Мы с твоим дедом Вовкой тогда еще только дружили, это уж потом, через пару годков-то, я за него замуж вышла. Жених завидный был: работящий, не пил, только папиросы курил, да и черт бы с ними. Они его и довели до могилы-то…
Женщина замолчала, уставившись в одну точку. На ее лице появилась улыбка.
– Ох, о чем это я… А! Вот! Было у нас за деревней, на пригорке у леса Даниловского, кладбище старое. Бабки да деды говаривали, что языческое вроде. Мол, там еще первых поселенцев здешних хоронили по обрядам каким-то жутким. И никто туда никогда не ходил. Старики – потому что боялись, а вдруг бесы да черти какие-нибудь душу пригубят; а молодые – потому что у леса того, уже и домов то не осталось, огороды только редкие, а больше хозяйств там и не было никаких, так и ходить не зачем было. Но бабки на лавочках шептались иногда, мол изредка, все же забредали туда пропойцы местные, так там и пропадали.
Так вот, в ту зиму, алкаш наш, Васька Кривой, и сгинул там. Дружки его поговаривали, что «перебрал маленько» мужичок, да черт его в ту глушь понес. Может чем поживиться хотел, а может «белочка» его туда повела зачем, бог его знает. Но пропал Васька: недели две-три не было его. Говаривали поначалу, что мужики совсем допились до горячки, да разбрелись по домам, а дружок их где в сугробе-то и уснул. Уж думали, весна придет, да как подснежник и отыщется душа пропащая.

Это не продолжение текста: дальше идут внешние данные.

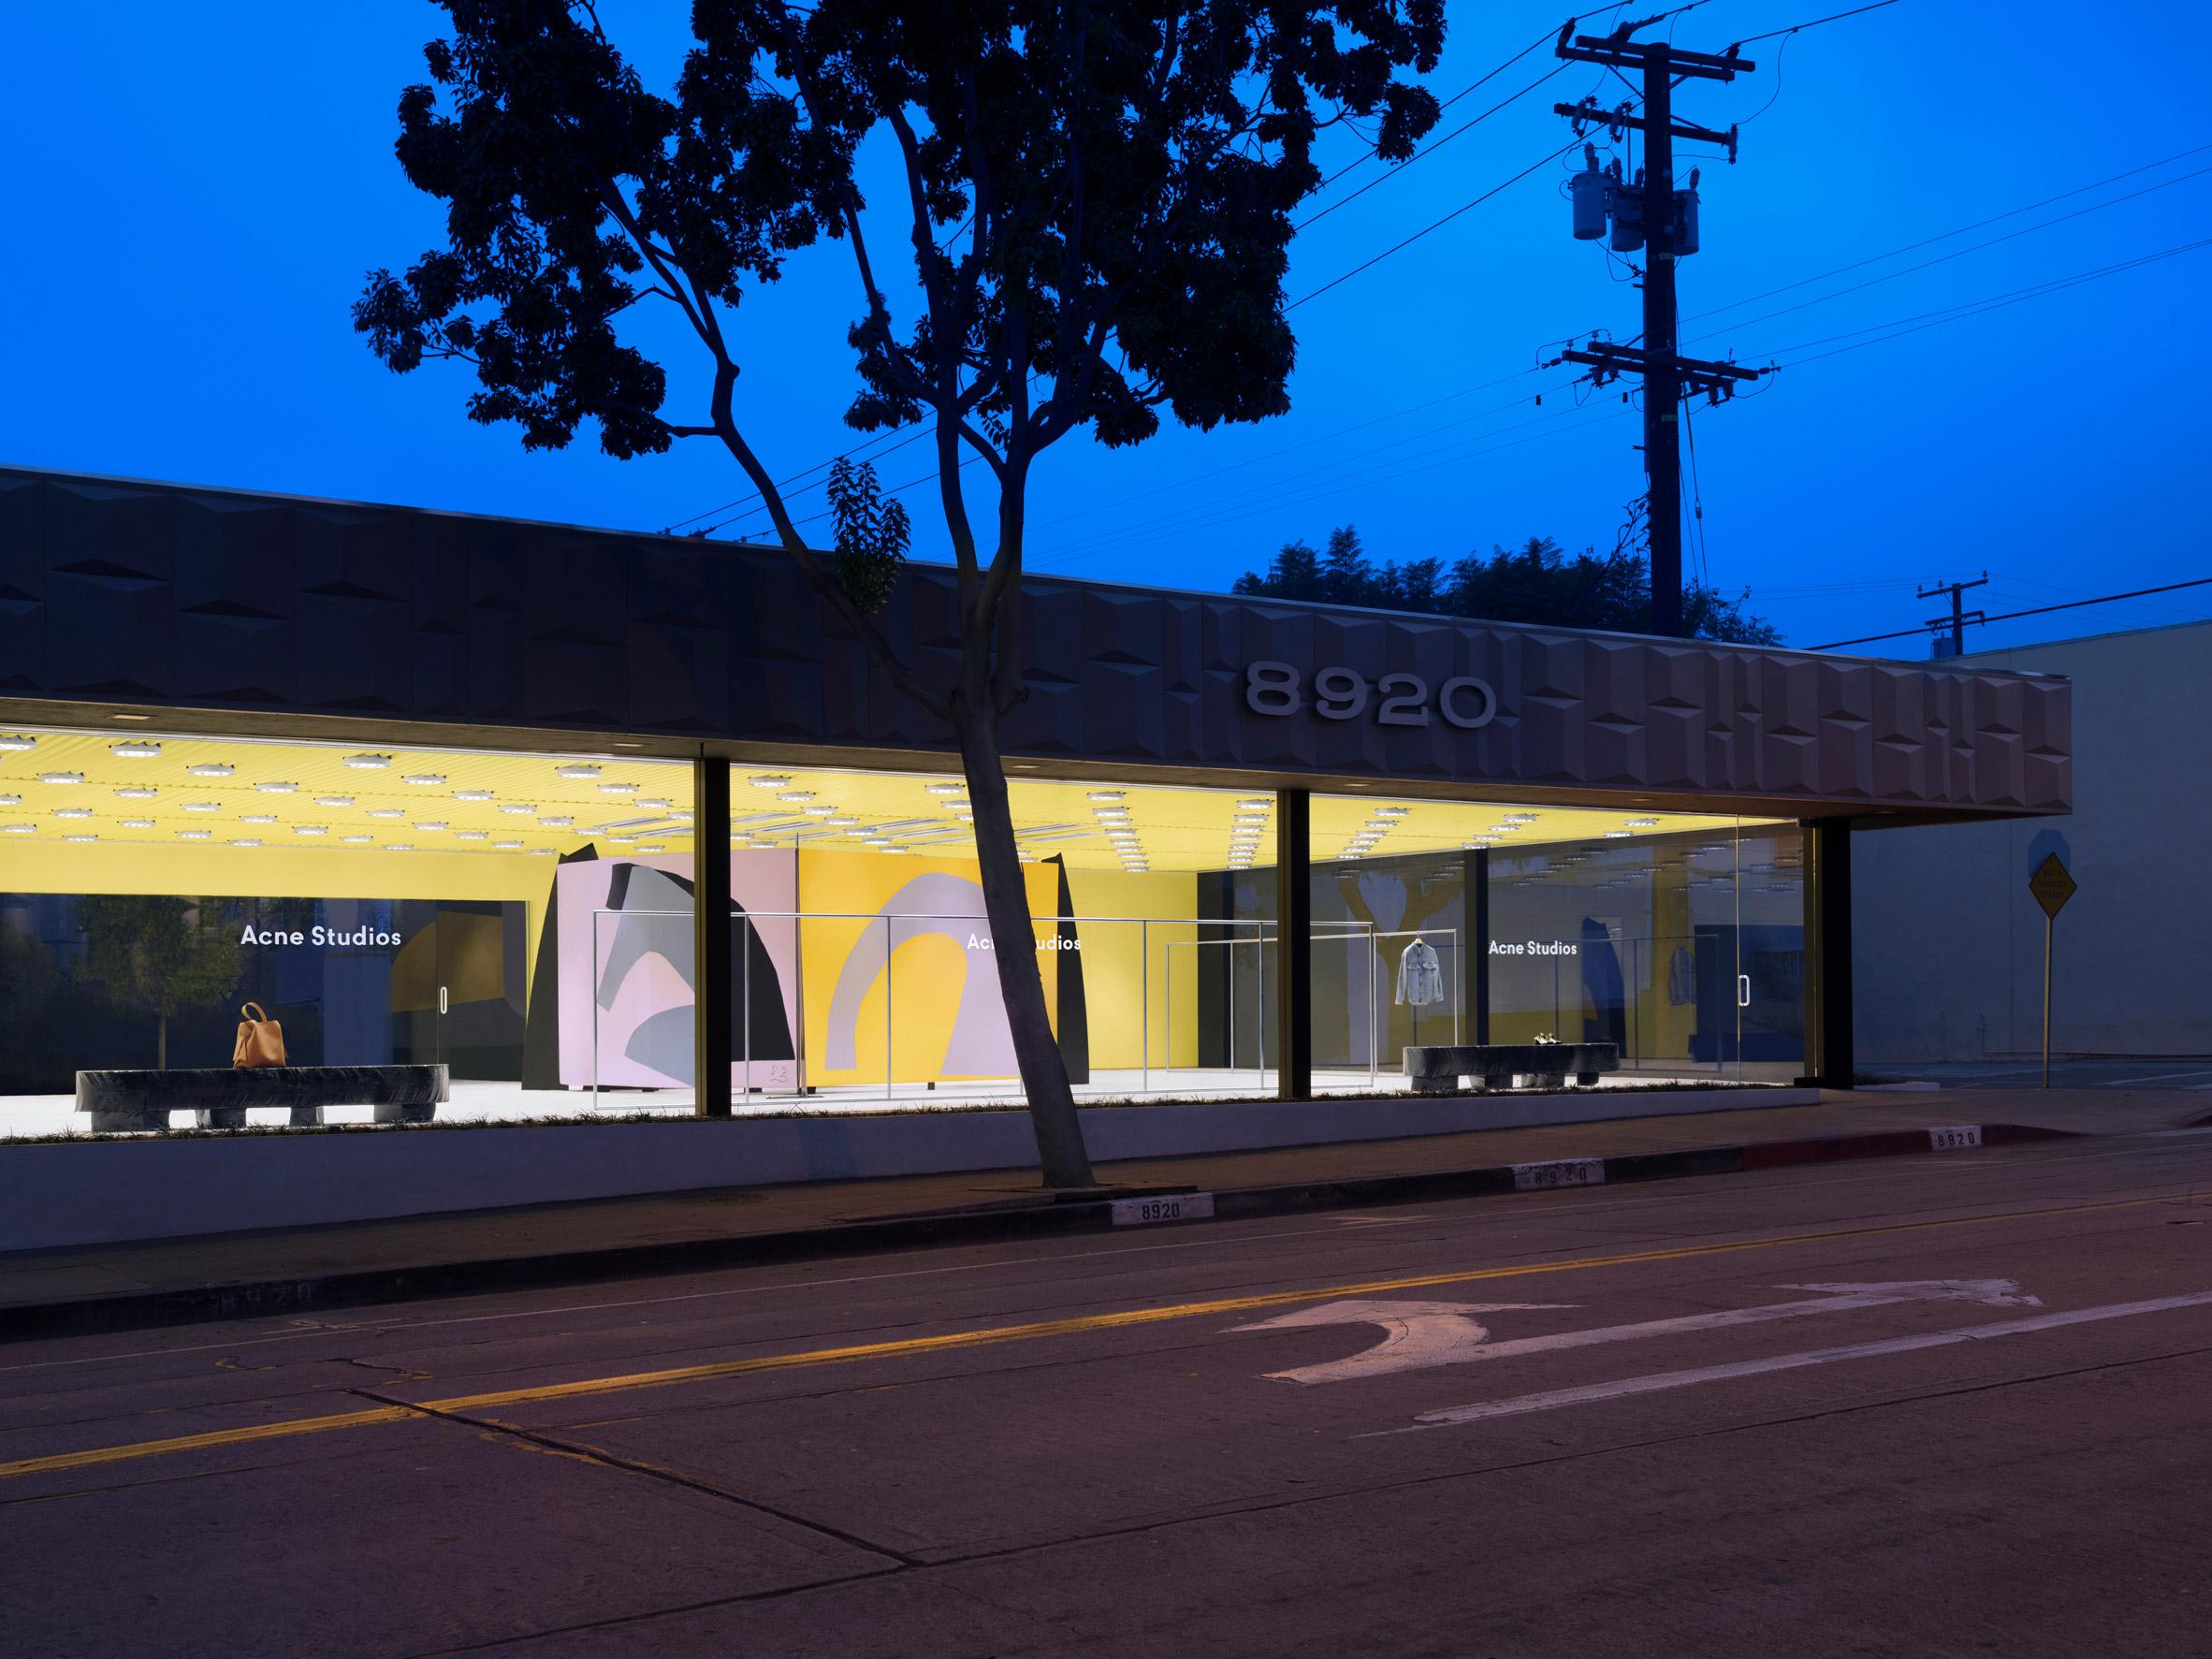 acne-west-hollywood-interiors-retail-yellow-california-usa_dezainaa_3.jpg

Да только, аккурат в середине января Кривой сам в селе показался. Живой да на своих двоих, только чудной какой-то. Васька, хоть и пропойца страшный был, да только на язык подвешен хорошо. Поболтать любил страсть, как прицепится, так и поганой метлой не отгонишь от ворот. А тут, идет по улице и слова тебе не скажет. Молчит будто воды в рот набрал. Аль буркнет тихо так «Здравствуйте» да и идет себе дальше. Бабки судачить стали, что побывал он-таки на том самом кладбище, видел чегось, вот и тихий теперь стал. А молодёжь посмеивалась, не веря во все эти суеверия, но точно знаю до чего водка может людей довести.
Вот только, когда Васька в село вернулся не его одного перемены настигли. Стала по вечерам скотина в сараях с ума сходить: коровы беспокойно мычали да доярок к себе не подпускали; птица на насестах не хотела сидеть, прочь на улицу рвалась. А уж как собаки с цепи срывались и выли всю ночь, так кровь в жилах стыла. О, как выли!
Ночь та, первая, мне надолго запомнилась. Вечер безлунный был, небо затянуло как на снег. Ни звёздочки, ни луны, ничего нельзя было увидеть. Собаки то тут, то там подвывали, будто что-то их сильно беспокоило.
Мы тогда всей семьёй спать пораньше легли. Отец за весь день умаялся: он с братьями на неделю дрова кололи да убирали в сарай. Мать по хозяйству бегала, а я ей помогала.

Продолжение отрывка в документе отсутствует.